Он-то помнил. Да что толку. Ведь даже мама — он понял — хотела, чтобы он стал муравьем. Потому и ушла так рано. Чтобы не мешать.
Но все равно слишком поздно.
Ей бы умереть в родах. Тогда, может, он ехал бы сейчас не Бог весть куда, а в столицу. К Матке. Пожать руку. Рука у нее непременно должна быть влажная. Чтобы потом долго чувствовать влагу на собственной ладони. И воображать себе, какая же влага — там, куда стремится в конечном счете душой и телом любой… муравей.
Мокроть бездарно перезрелого плода. Пятьдесят пять лет. Уже даже не родить ребенка. Настоящего ребенка. Не муравья.
А будь она его настоящей матерью, он бы, наверное, стыдился ее: пятьдесят пять лет. Это значит, она родила бы его в тридцать восемь. На закате. Из вянущего чрева. В утешение и оправдание себе.
Его родная мать родила его в двадцать.
Она — Мать народа.
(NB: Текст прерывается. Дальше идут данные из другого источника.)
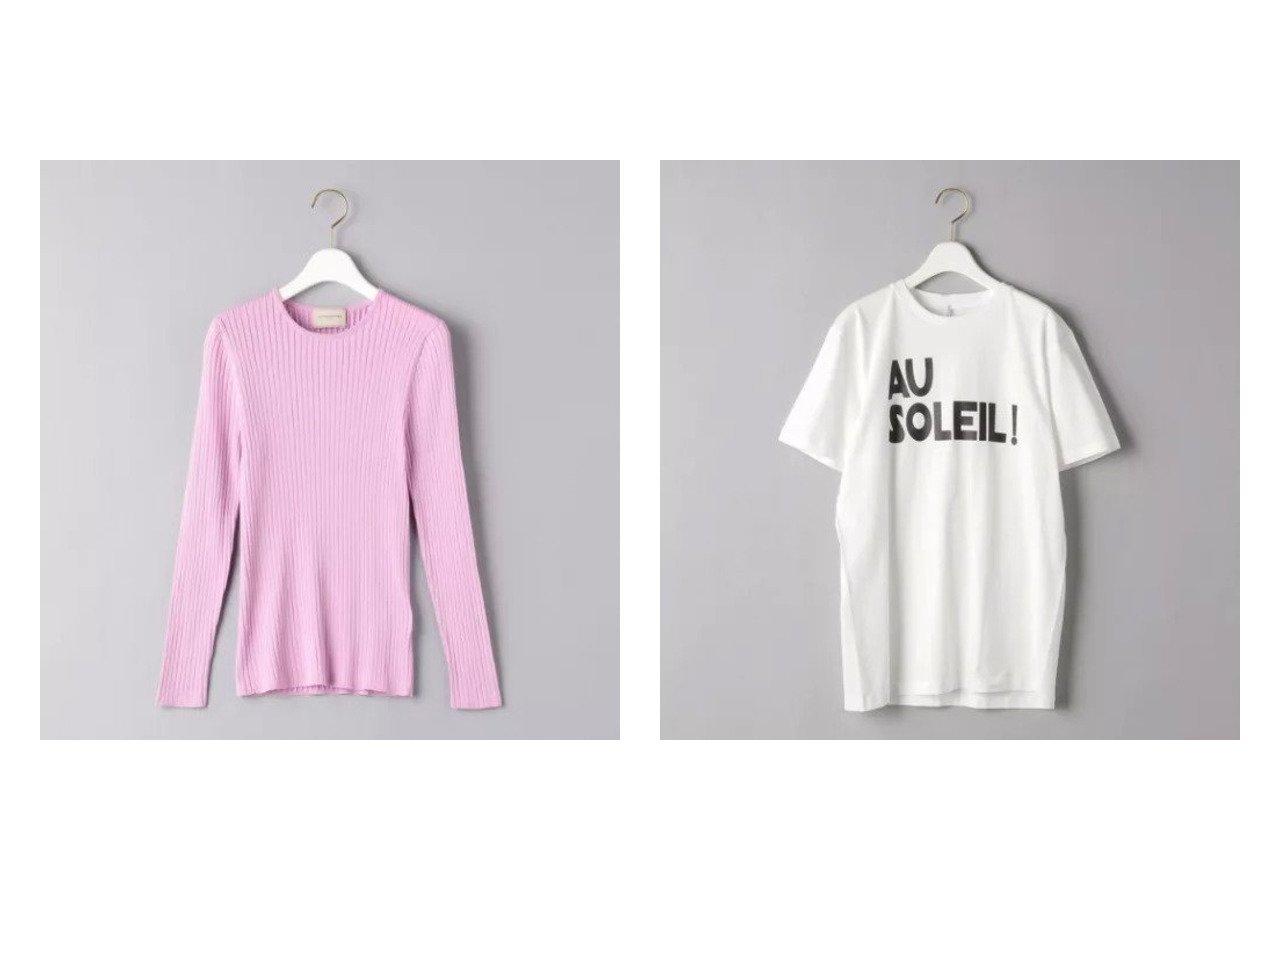 【UNITED ARROWS/ユナイテッドアローズ】の別注AU SOLEIL Tシャツ&SI リブ クルーネック ニット 【トップス・カットソー】おすすめ!人気、トレンド・レディースファッションの通販  おすすめで人気の流行・トレンド、ファッションの通販商品 メンズファッション・キッズファッション・インテリア・家具・レディースファッション・服の通販 founy(ファニー) https://founy.com/ ファッション Fashion レディースファッション WOMEN トップス・カットソー Tops/Tshirt シャツ/ブラウス Shirts/Blouses ロング / Tシャツ T-Shirts カットソー Cut and Sewn ニット Knit Tops インナー カッティング カットソー クラシック プリント 別注 半袖 モノトーン シンプル セーター フィット ベーシック  ID:crp329100000027739

А он — враг народа.
Матери должны защищать своих детей.
И она защищает. Она вкладывает в них один-единственный инстинкт — безошибочно опознавать врага. Потому что враг — всегда один и тот же, как бы ни выглядел. Он — не такой, как ты. И если тебе пять лет подряд внушают, каким ты должен быть — а ты не такой, то, в конце концов, ты опознаешь врага в самом себе.
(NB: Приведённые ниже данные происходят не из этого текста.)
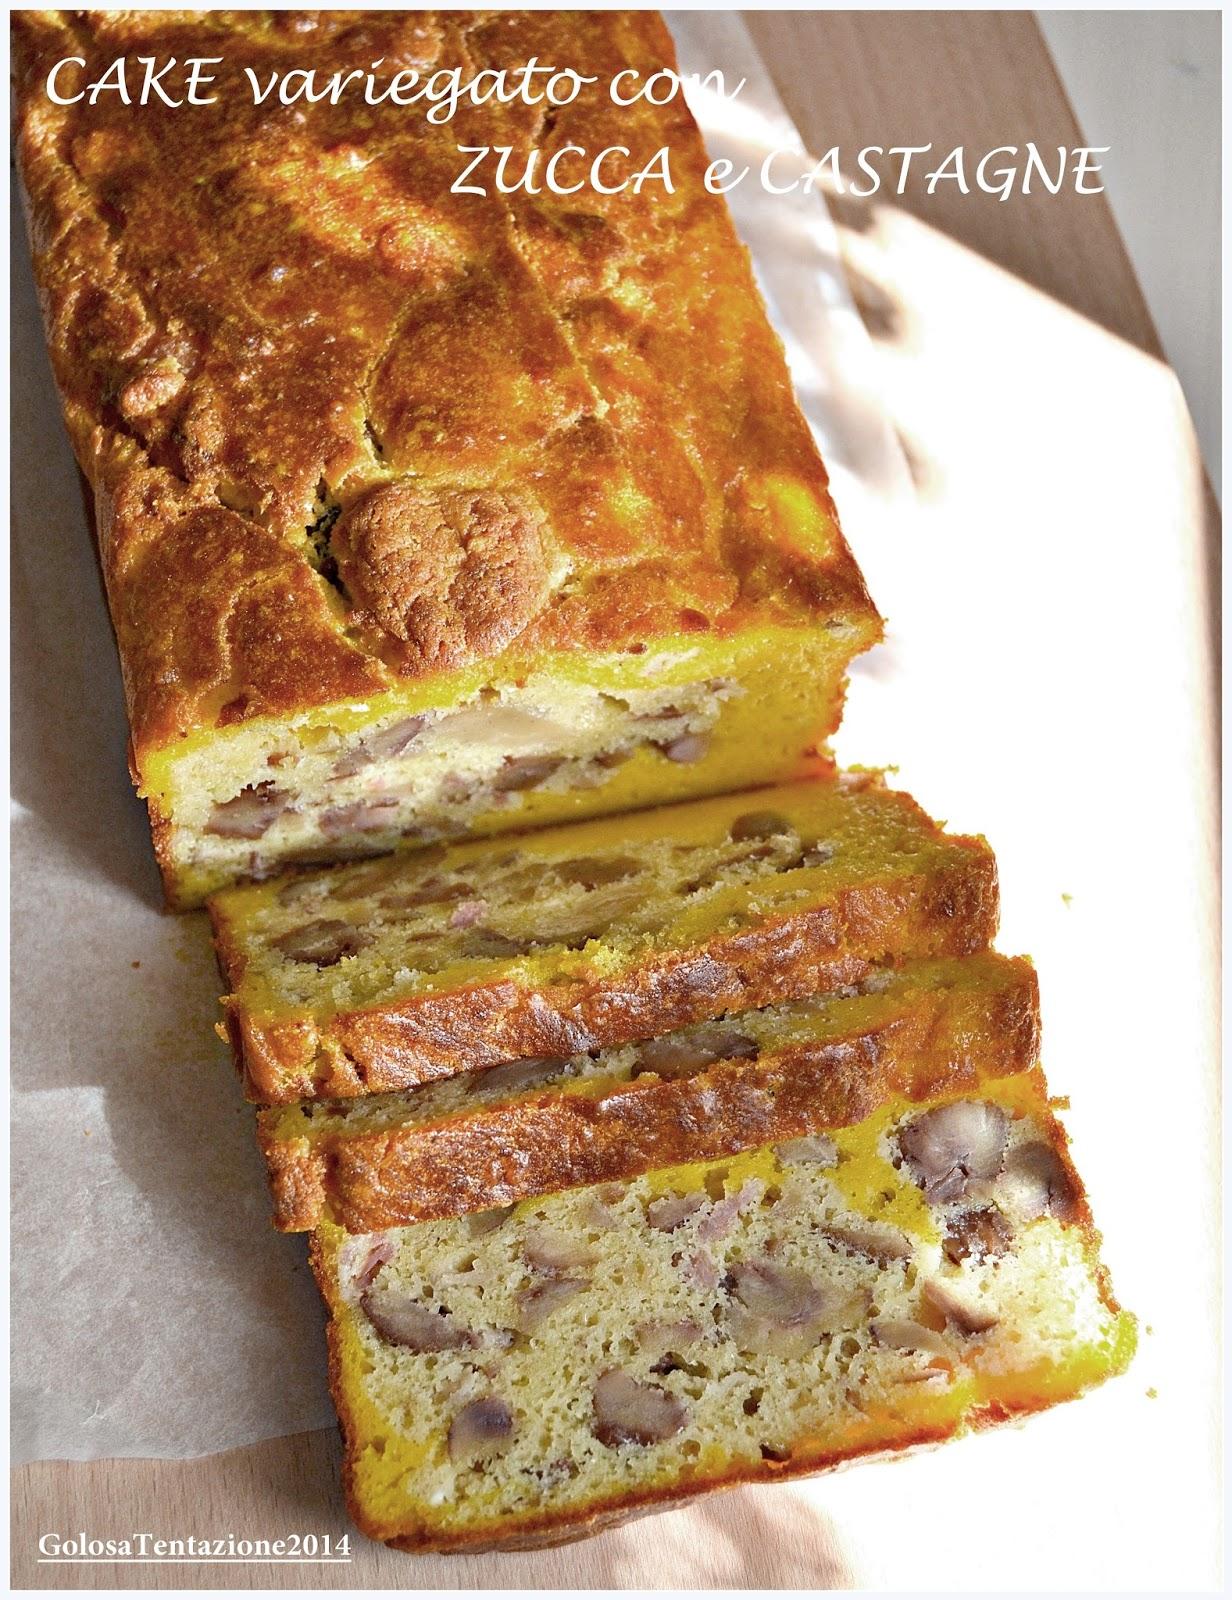 cake variegato con zucca e castagne

Он опознал в себе врага во время обеда — впиваясь зубами в жирную мякоть казенной котлеты, отчетливо увидел, как работница пищефабрики с мытыми докрасна руками валяет в сухарной крошке котлету за котлетой, котлету за котлетой, безо всяких мыслей в голове — ей все равно, понравится ему эта котлета или нет… Захотелось сплюнуть в тарелку и больше ничего в рот не брать. Но надо было доесть и вычистить тарелку мякишем, потому что «ваши отцы и деды боролись…».
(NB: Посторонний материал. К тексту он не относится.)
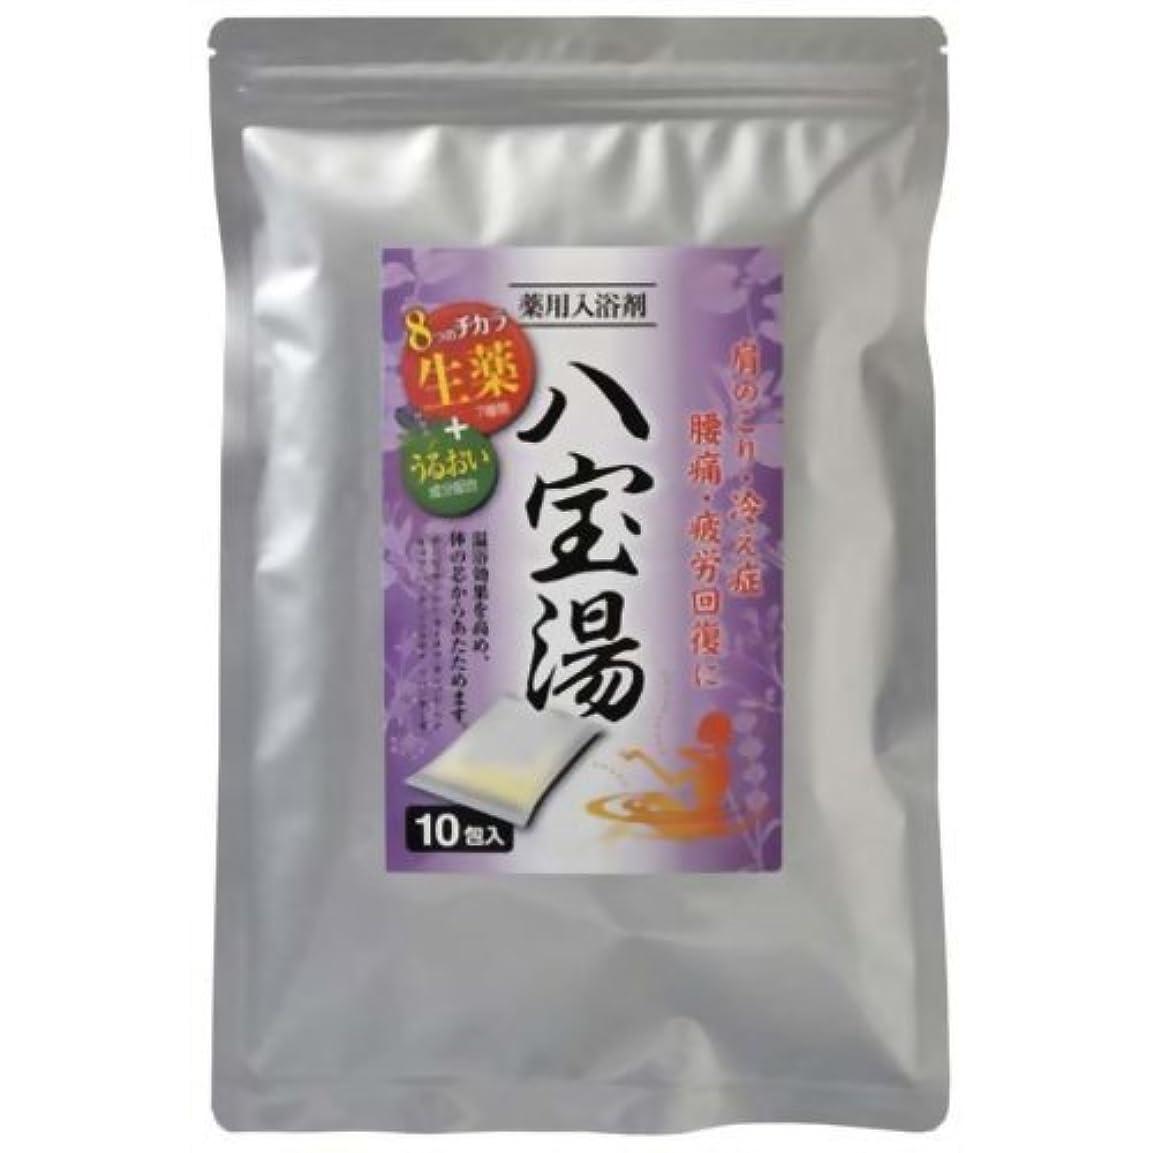 薬用入浴剤 八宝湯 ラベンダーの香り 10包 医薬部外品

Котлета. Мясо каждый день. Волокнисто-сочный вкус казенной котлеты. Все квартирки в рабочих кварталах с душевыми, но без кухонь: зачем готовить дома, когда сотни тебе подобных валяют для тебя эти самые котлеты. А ты сам для сотен тебе подобных строчишь одного и того же фасона блузы с воротом на шнурке. Или свинчиваешь краны в этих самых квартирках.
Квартирка в рабочем квартале… Ха.
Его отцу оставили прежнюю квартиру. Потому что отец — инженер. А этих, за чье счастье боролись, распихивают по квартиркам из расчета девять квадратных метров на человека.
Он как-то в такой ночевал. Его пьяного привела девушка. Из тех — муравьих, недосамок — как он вначале думал, когда — от скуки — никого достойнее не нашлось — пригласил ее на медленный. Дело было прошлым летом на танцах в городском саду, когда он приехал к отцу на каникулы.
Ее блуза насквозь пропотела под мышками; от девицы так и шибало жаром. Пили пиво, перебивая водкой, и довольно много хохотали, пересказывая друг другу какие-то байки. А потом у него враз ослабли колени и перед глазами поплыло; однако вежливость требовала проводить даму. Он заплетающимся языком предложил. Она не отказалась, хотя он питал смутную надежду, что откажется: такие обычно кичились «равноправием», некоторые из них спрашивали на танцах кавалеров — «кто вести будет?»… Их удачно подхватил грохочущий освещенный трамвай — ровно за пять минут до закрытия танцплощадки, когда с нее повалят все и два-три трамвая подряд будут забиты по самые плафоны.
Трамвай завез их на окраину: все это время он старался не сблевать. Больше всего тошнило, когда взгляд натыкался на размазанное, словно бы мыльное, отражение лица в темном окне. Девица замолкла, и он почти про нее забыл, как она дернула его на выход.
Асфальта под ногами не было: песок, скупо освещенный единственным фонарем. В отдалении — как ему показалось, вовсе вдалеке — стояли тесным рядком белесые дома. Идти к ним надо было через перекопанное бывшее поле.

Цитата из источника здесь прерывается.